▸ **Prompt**: Each line from the top of the listing through the one holding "La circonférence intérieure" should be restated word for word, with nothing added and no pictures.

▸ **The data**:

|---|

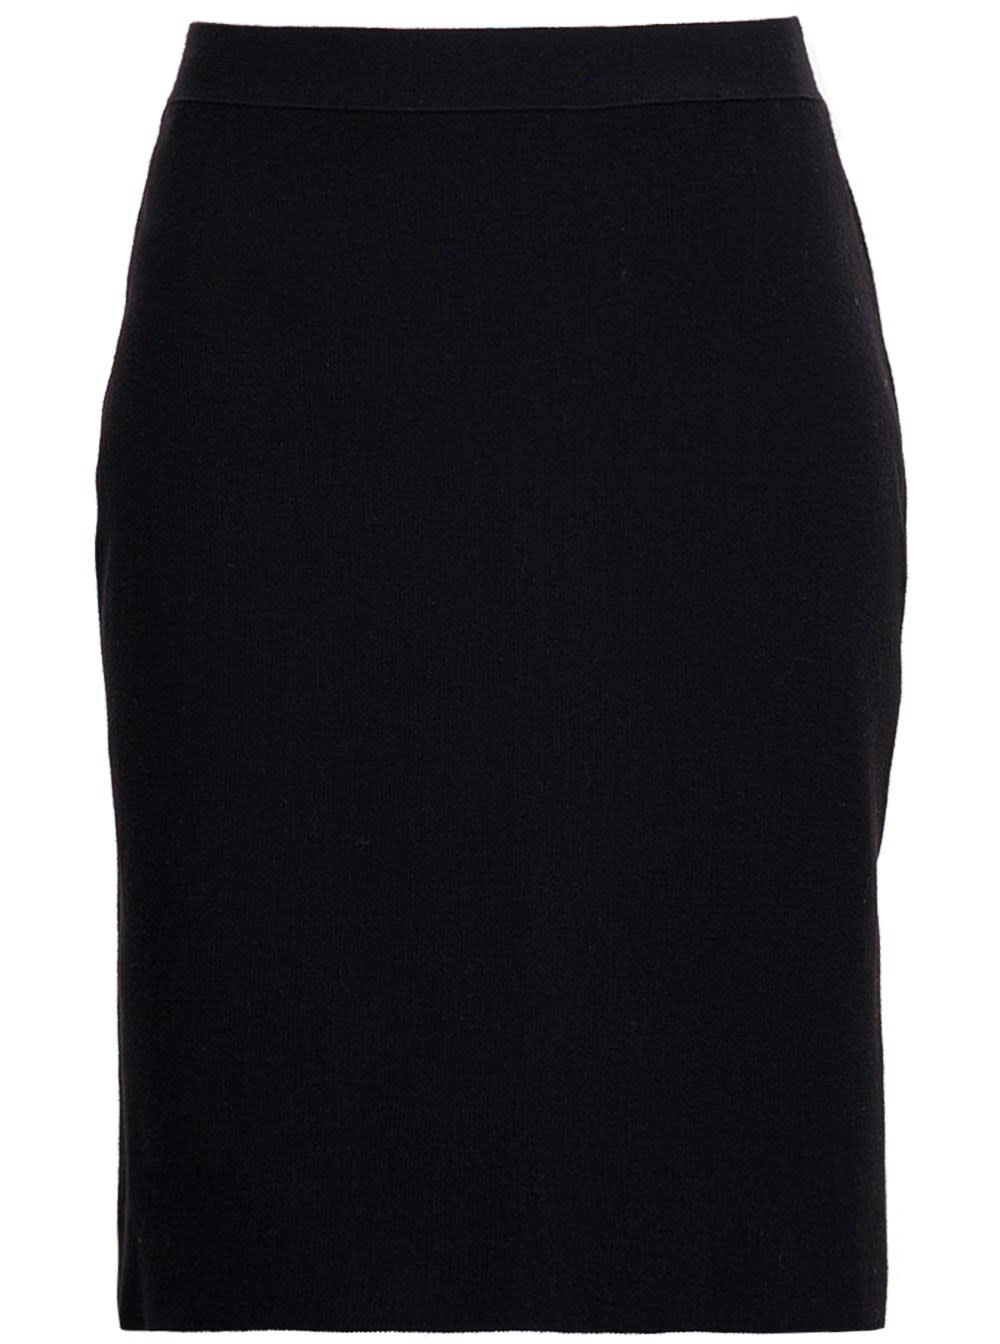 Bottega Veneta Black Wool Skirt With Back Flounce Detail
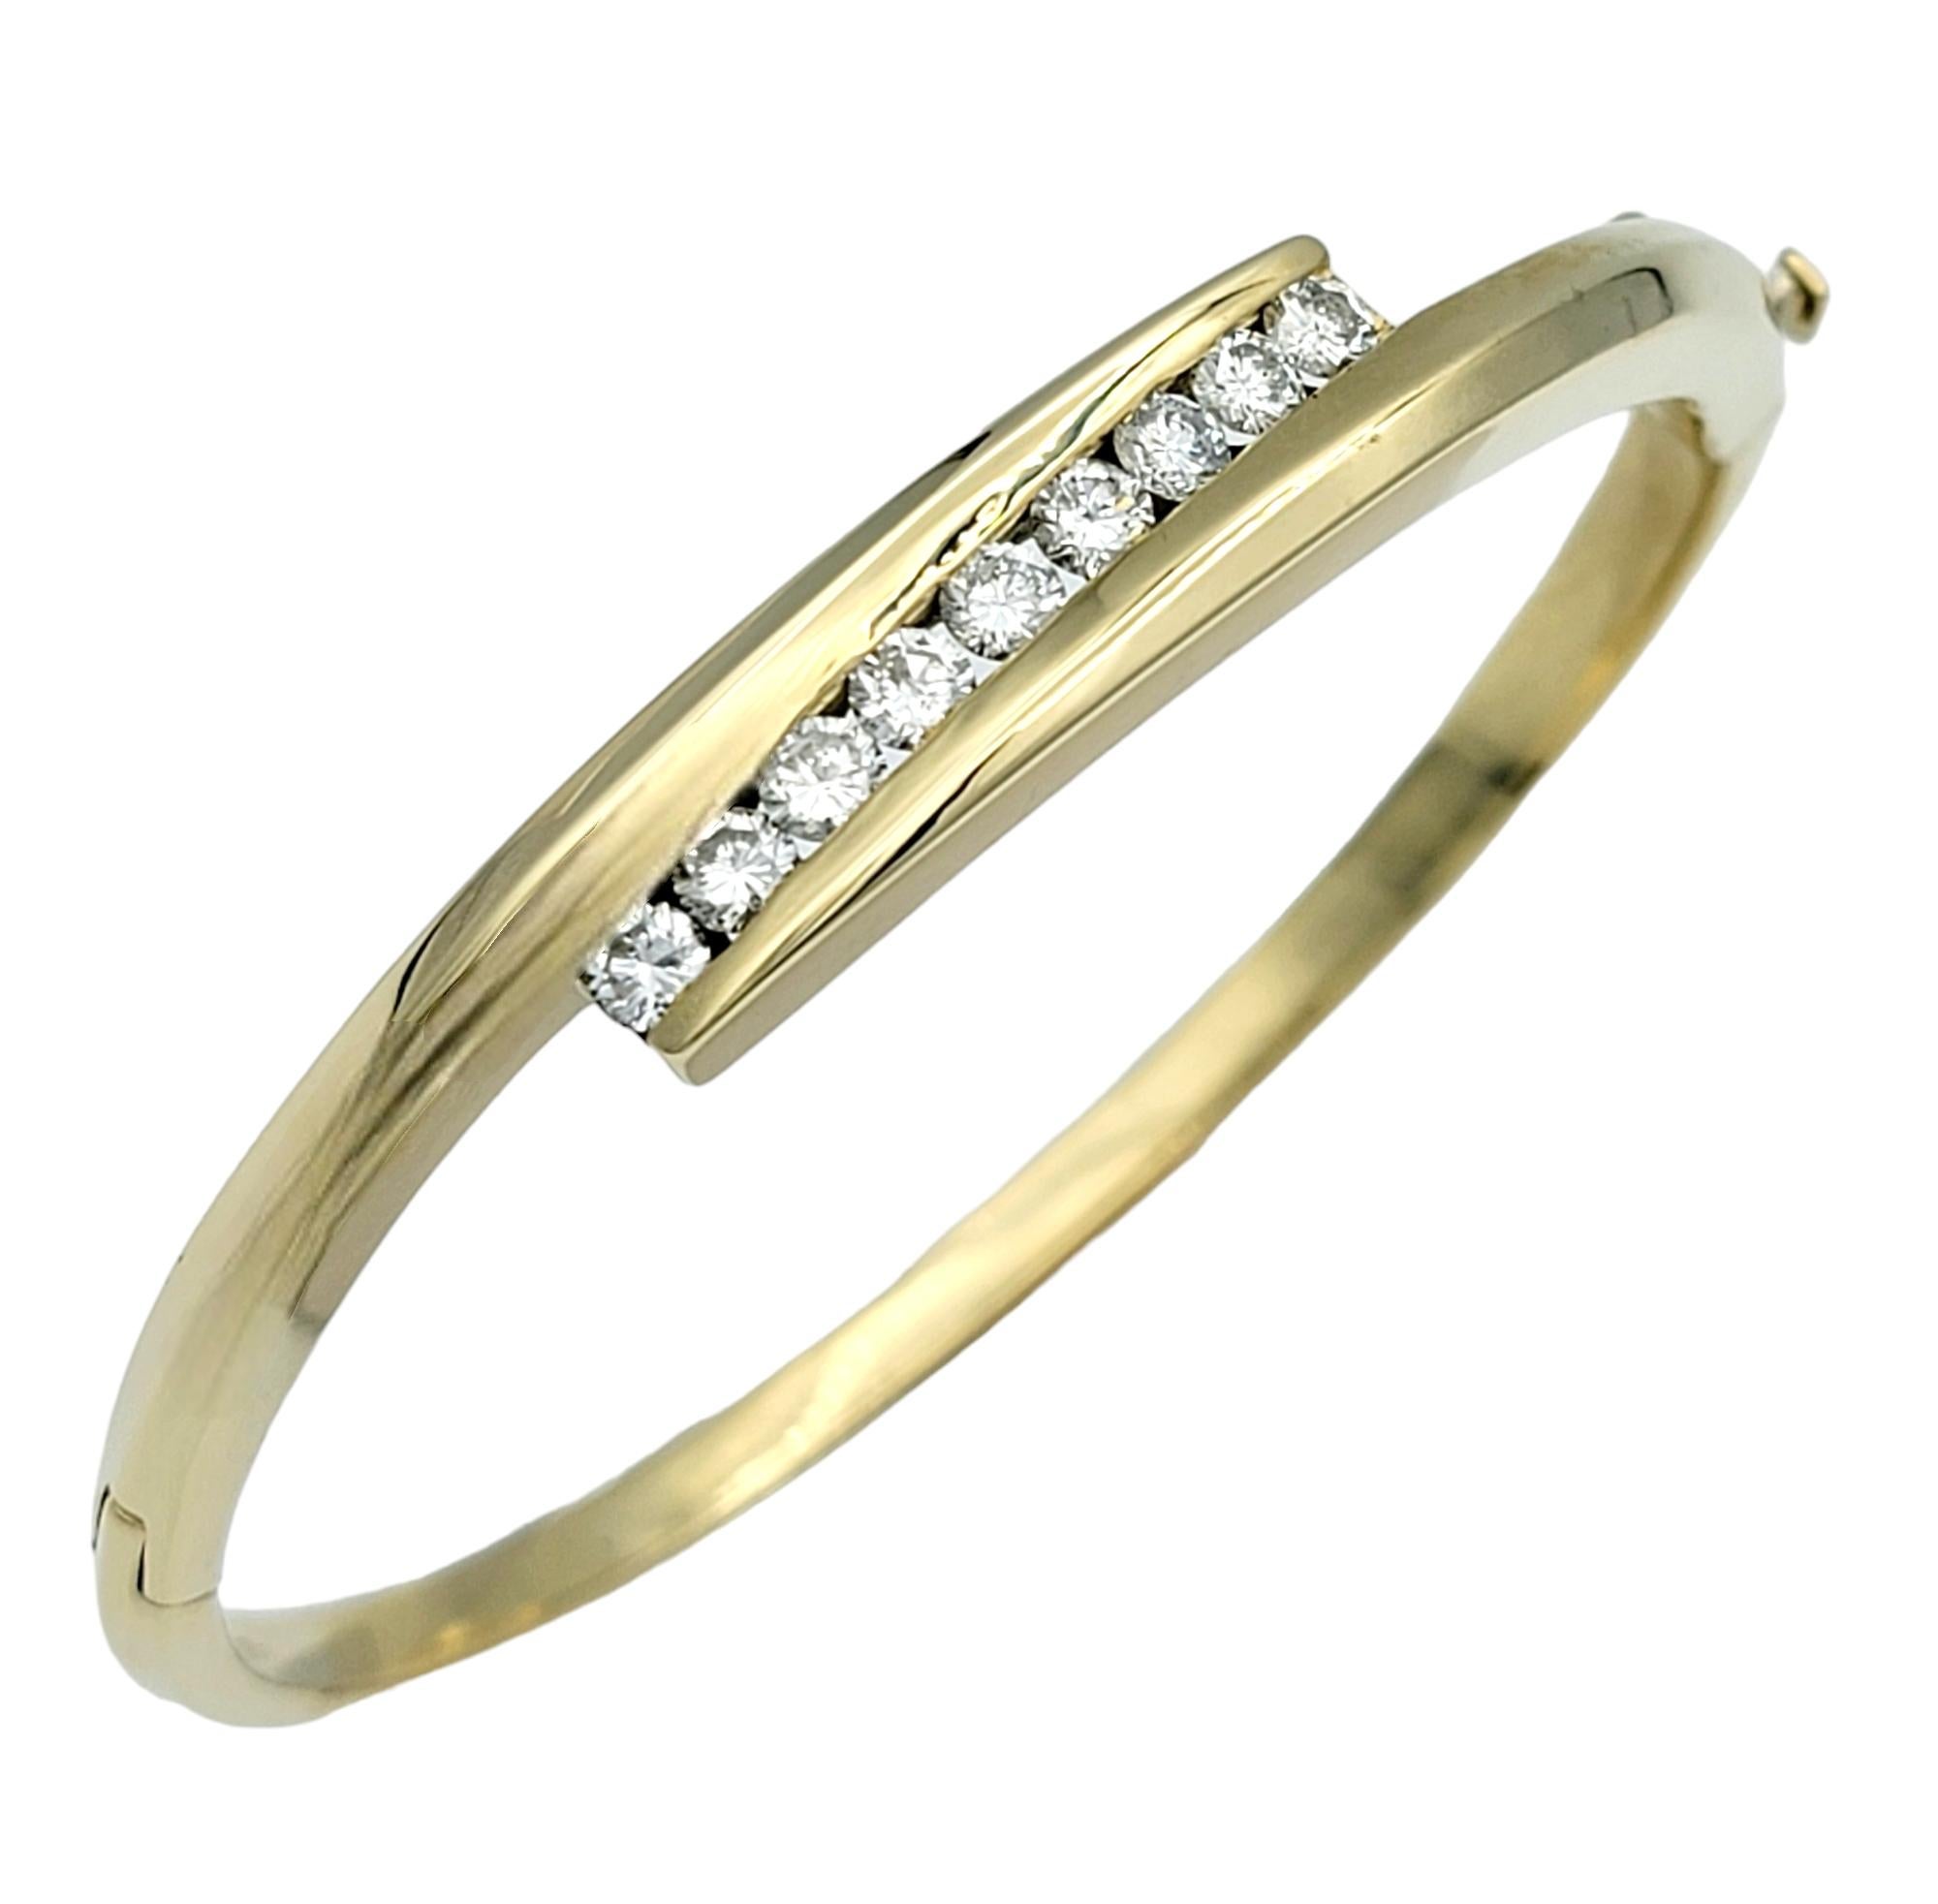 La circonférence intérieure de ce bracelet mesure 6,75 pouces et s'adaptera confortablement à un poignet de 6,5 pouces maximum. 

Ce bracelet à charnière de style bypass en diamant est un accessoire sophistiqué réalisé en or jaune 14 carats. Le

|---|

▸ **Answer to the exercise**:
 Bottega Veneta Black Wool Skirt With Back Flounce Detail
 La circonférence intérieure de ce bracelet mesure 6,75 pouces et s'adaptera confortablement à un poignet de 6,5 pouces maximum. 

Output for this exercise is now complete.